**WHAT IS BEING ASKED**
Using the listing below, give again exactly the lines from the line with "Jugador de tenis" to the line with "נושאים מתמטיים בסביבה", inclusive, without the pictures.

**PROVIDED MATERIAL**
- Opening Delimiter -

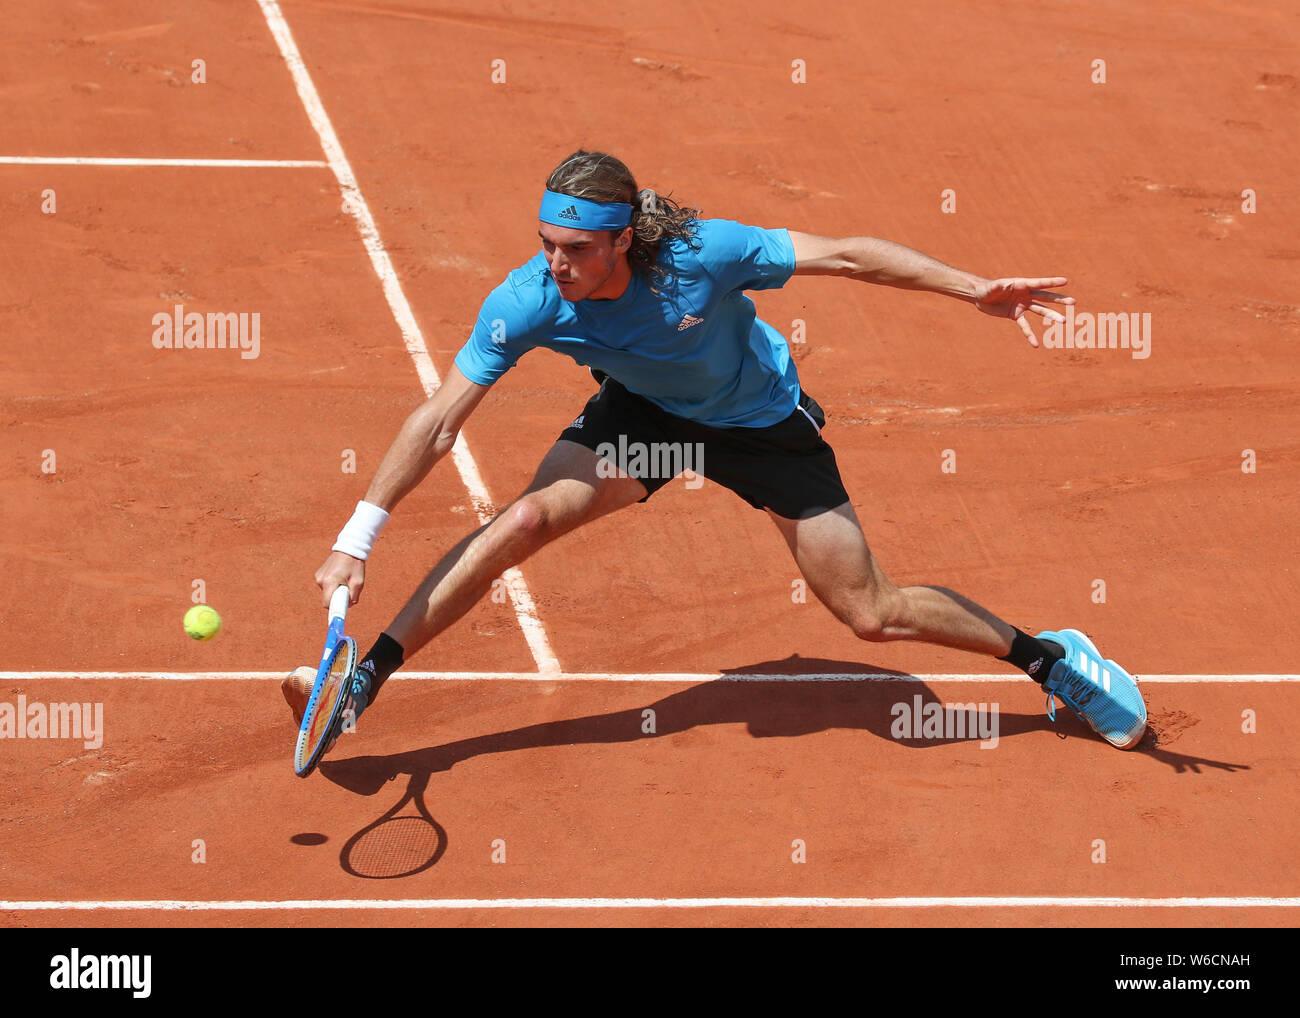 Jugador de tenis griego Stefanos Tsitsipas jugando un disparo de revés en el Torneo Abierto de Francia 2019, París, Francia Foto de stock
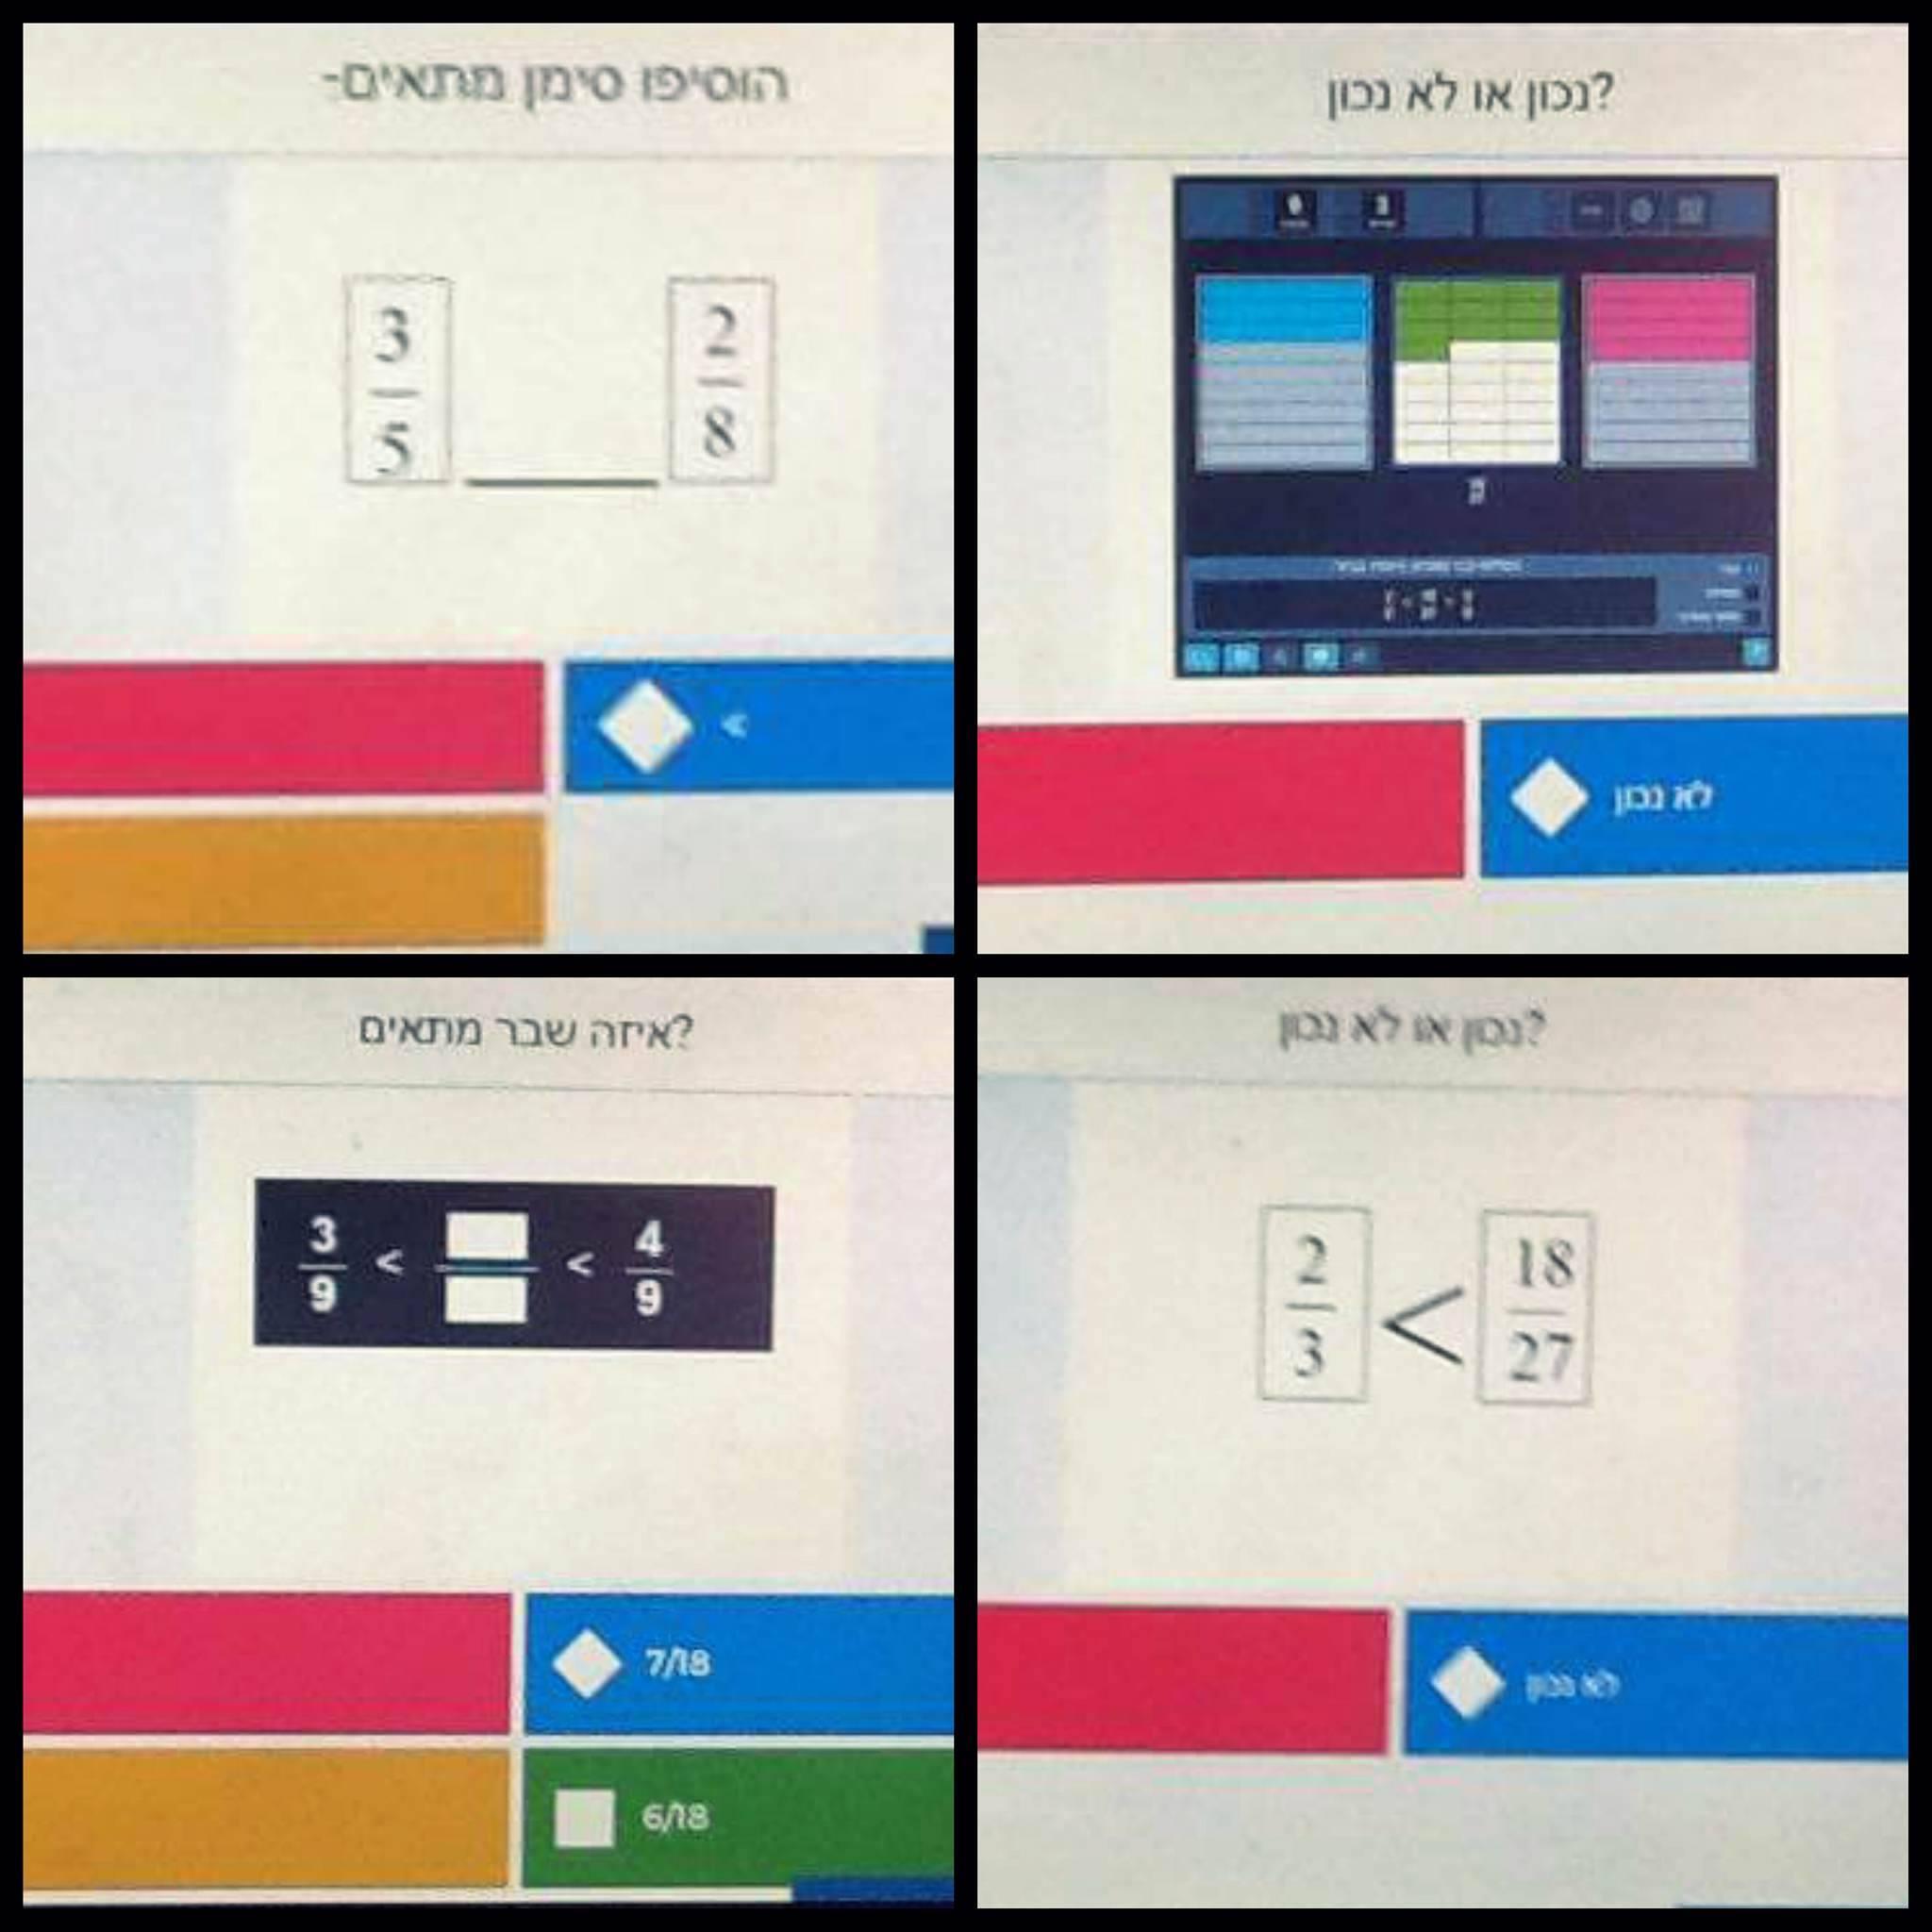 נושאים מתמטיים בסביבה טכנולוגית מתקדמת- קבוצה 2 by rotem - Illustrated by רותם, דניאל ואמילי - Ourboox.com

- Closing Delimiter -
- Opening Delimiter -

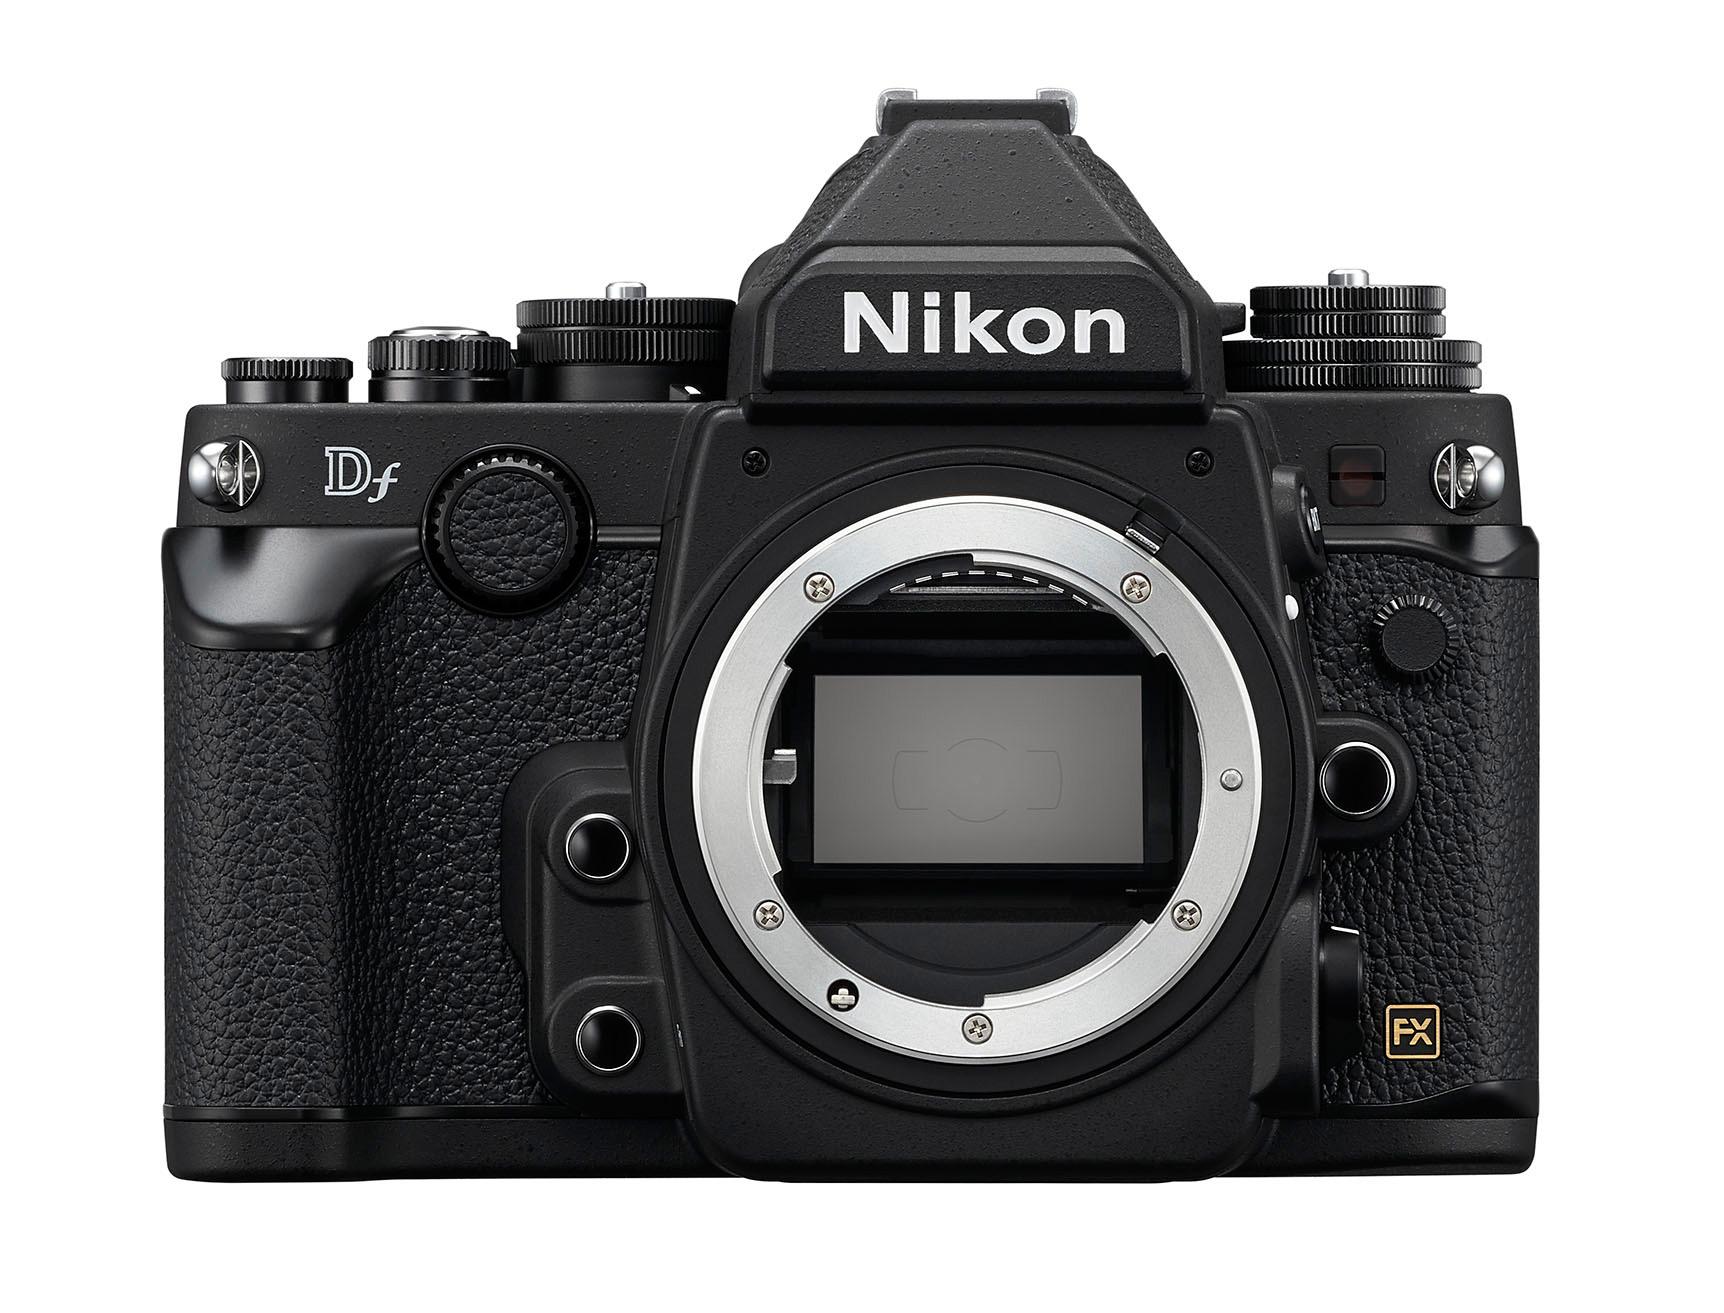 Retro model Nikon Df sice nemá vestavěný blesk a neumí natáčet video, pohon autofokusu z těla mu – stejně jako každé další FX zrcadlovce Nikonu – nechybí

- Closing Delimiter -

**EXERCISE OUTPUT**
 Jugador de tenis griego Stefanos Tsitsipas jugando un disparo de revés en el Torneo Abierto de Francia 2019, París, Francia Foto de stock
 נושאים מתמטיים בסביבה טכנולוגית מתקדמת- קבוצה 2 by rotem - Illustrated by רותם, דניאל ואמילי - Ourboox.com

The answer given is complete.